Two countries have blocked the Grok app after it was widely used to generate non-consensual near-nude deepfakes of women and children. A third country is currently carrying out an investigation.
Three US senators have asked Apple to temporarily remove both X and Grok from the US App Store due to “sickening content generation,” and we are still awaiting the company’s response …
AI-generated CSAM by Grok
The Grok AI tool is available both as a standalone app and through the X app. It is also available through the Grok tab on the X website.
There has been abundant evidence of Grok generating non-consensual, near-nude deepfakes of real individuals, taking a clothed photo and then digitally removing clothing to replace it with a bikini or other revealing clothing.
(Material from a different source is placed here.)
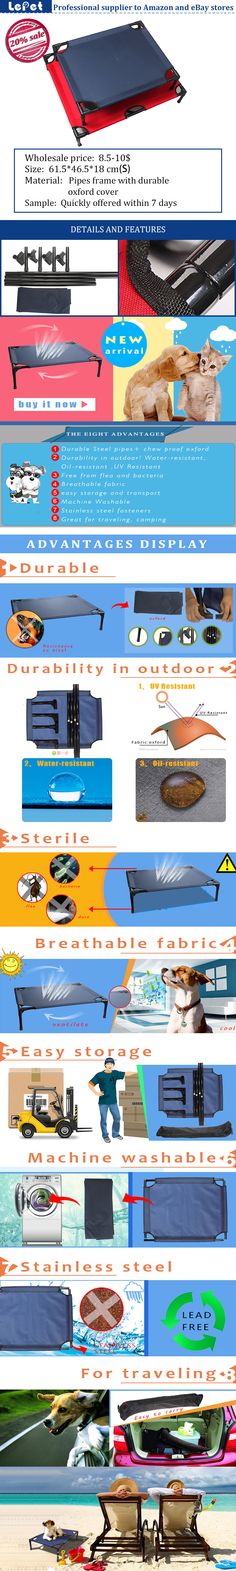 elevated dog bed,raised dog bed,Elevated Pet Dog camping cot wholesale supplier manufacturer china

Even more worryingly, some of these deepfakes were of children.
While nude imagery is theoretically blocked by Grok, some users have been using prompt language that works around this.
On Friday, three U.S. senators asked Apple to temporarily remove both apps from the App Store, noting that the non-consensual imagery included child sexual abuse materials (CSAM).
Senators Ron Wyden, Ed Markey, and Ben Ray Luján penned an open letter to the CEOs of Apple and Google, asking both companies to pull X and Grok apps “pending a full investigation” of “mass generation of nonconsensual sexualized images of women and children.”
The letter notes that ex-CEO Elon Musk has failed to act, and contrasts the lack of action by Apple and Google with their rapid removal of the ICEBlock app at the request of the White House. Musk’s only response has been to limit X image generation to paid subscribers, which seems the most cynical possible action, but the same feature is accessible to anyone through the Grok tab on both the X website and app.